Aim of the task » The line with "novads - Latvijas" marks where to begin; print it and all lines after it in the material below exactly, skipping pictures.

Dataset section »

※

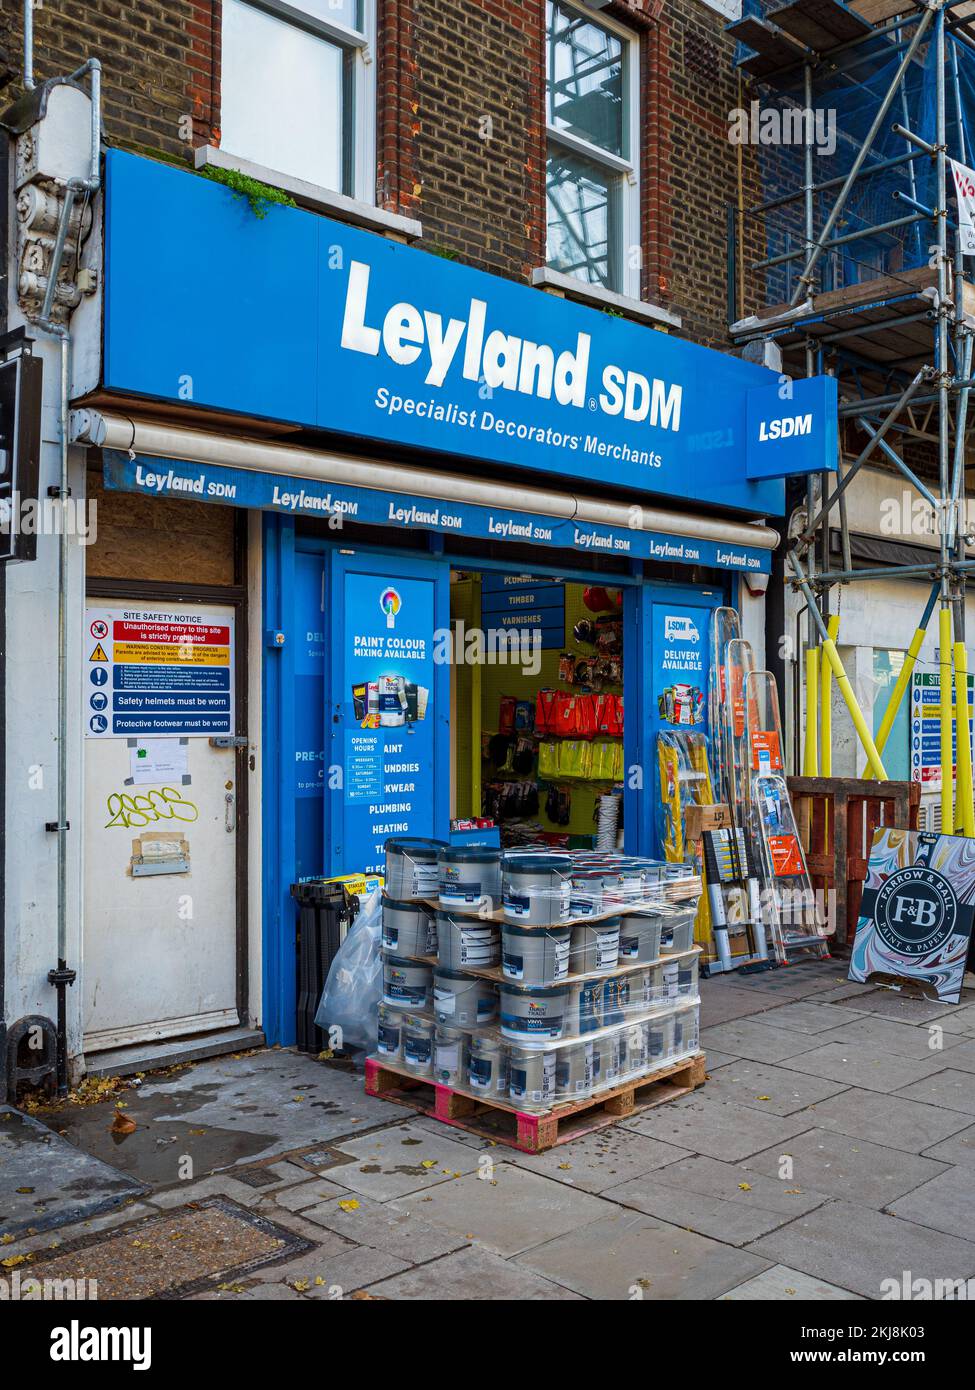 Leyland SDM DIY- und Dekorationsgeschäft im Zentrum von London. Leyland Spezialist Dekorateure Händler Shop in London. Stockfoto
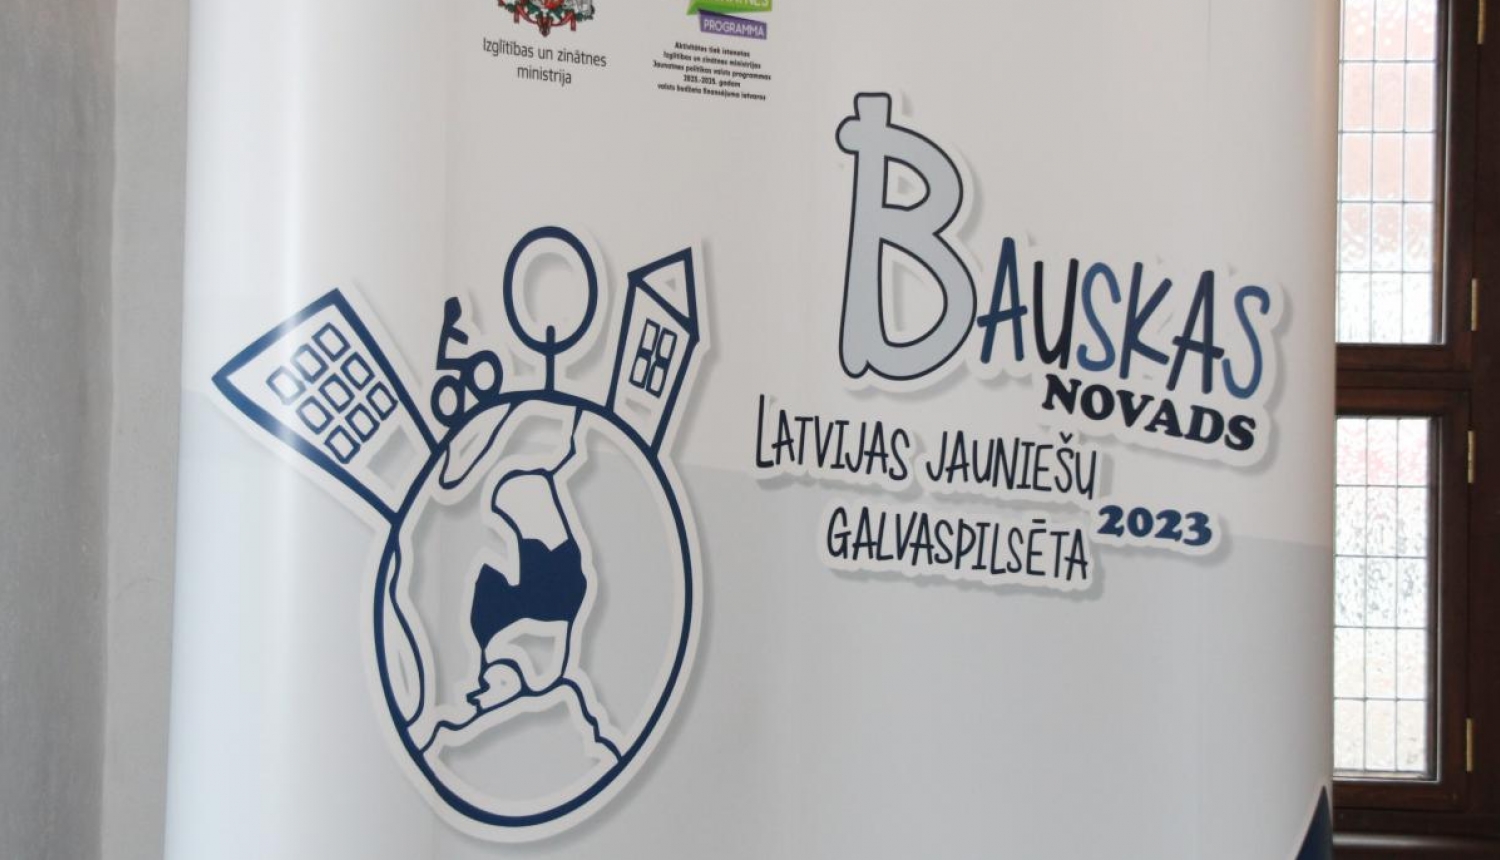 Informē par «Bauskas novads - Latvijas Jauniešu galvaspilsēta 2023» plānotajām aktivitātēm
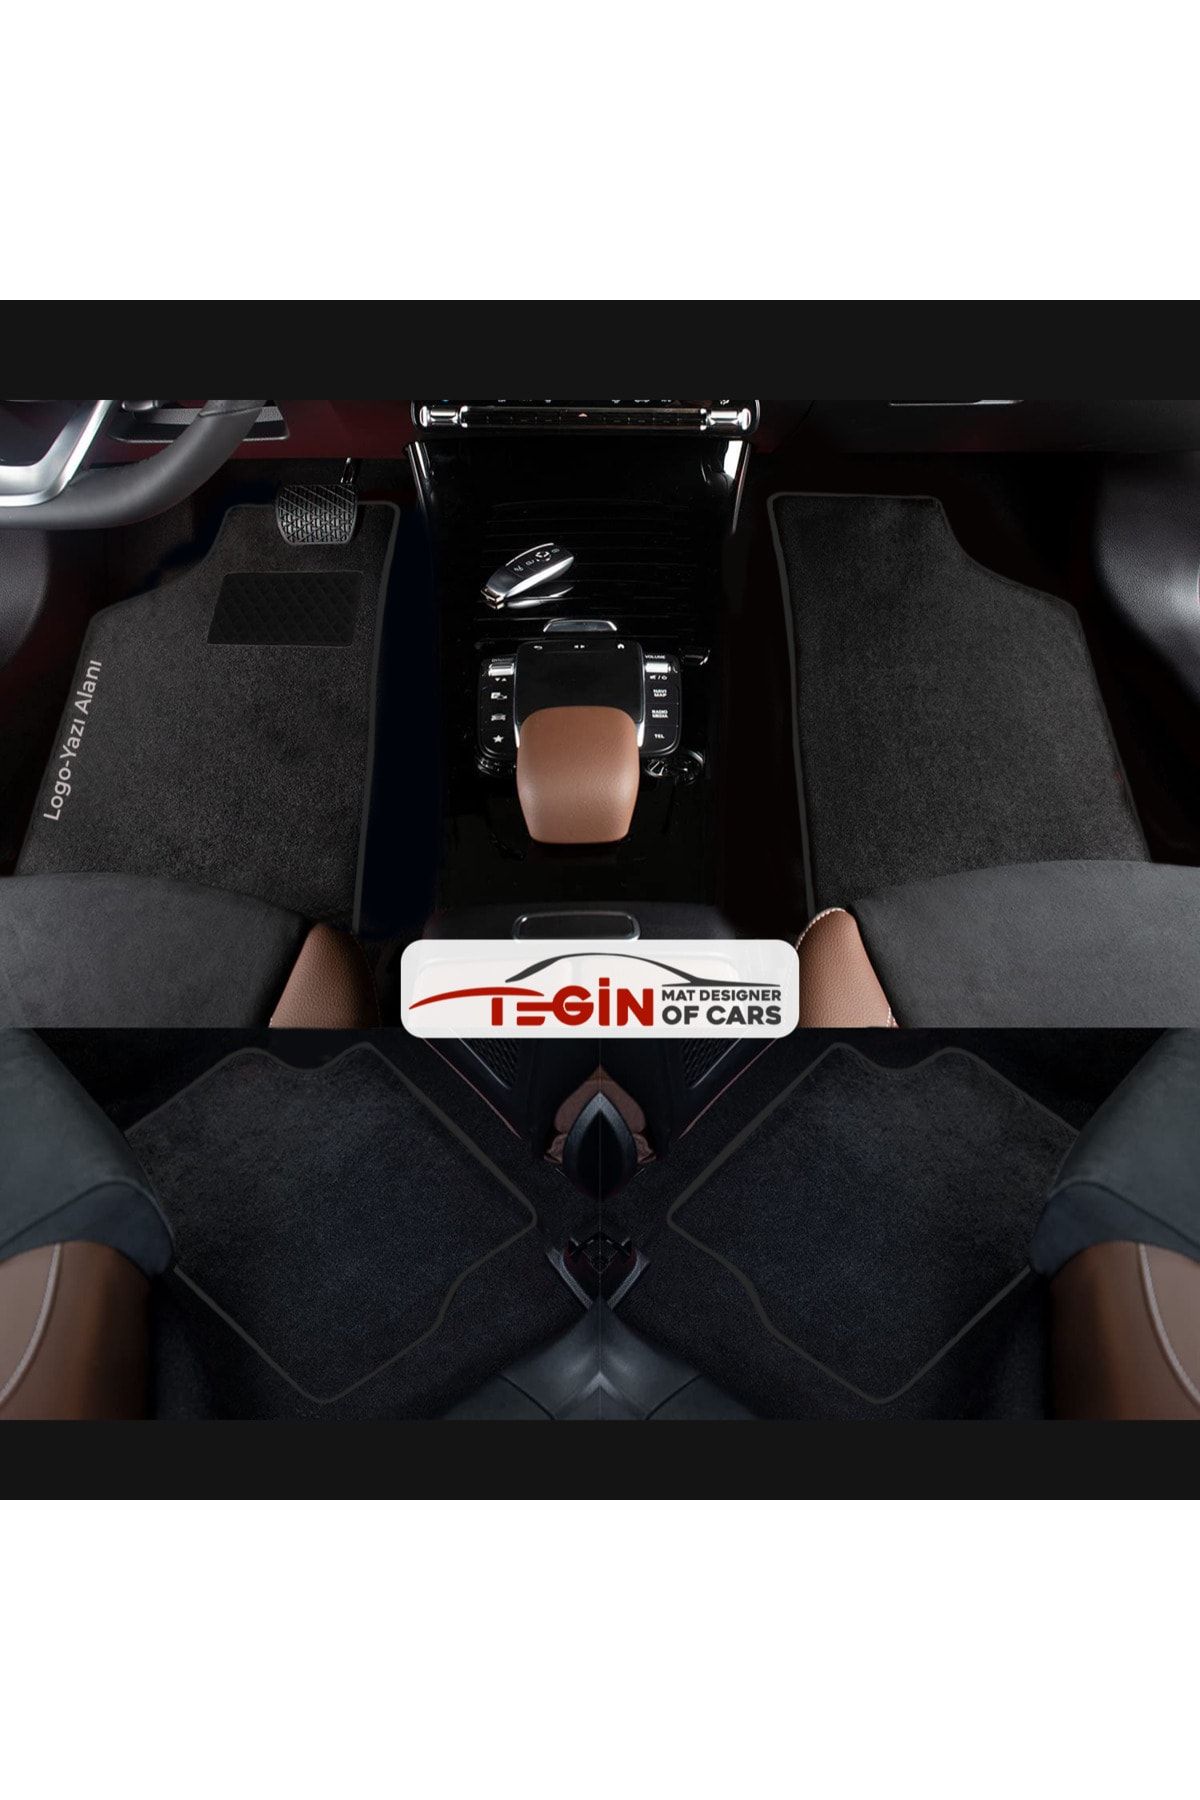 Tegin Mat Designer Of Cars Seat Leon 1m 1998-2004 Aracınıza Özel Prime Siyah Halı Siyah Kenar Halı Paspas

※

Output below »
 Informē par «Bauskas novads - Latvijas Jauniešu galvaspilsēta 2023» plānotajām aktivitātēm
 Tegin Mat Designer Of Cars Seat Leon 1m 1998-2004 Aracınıza Özel Prime Siyah Halı Siyah Kenar Halı Paspas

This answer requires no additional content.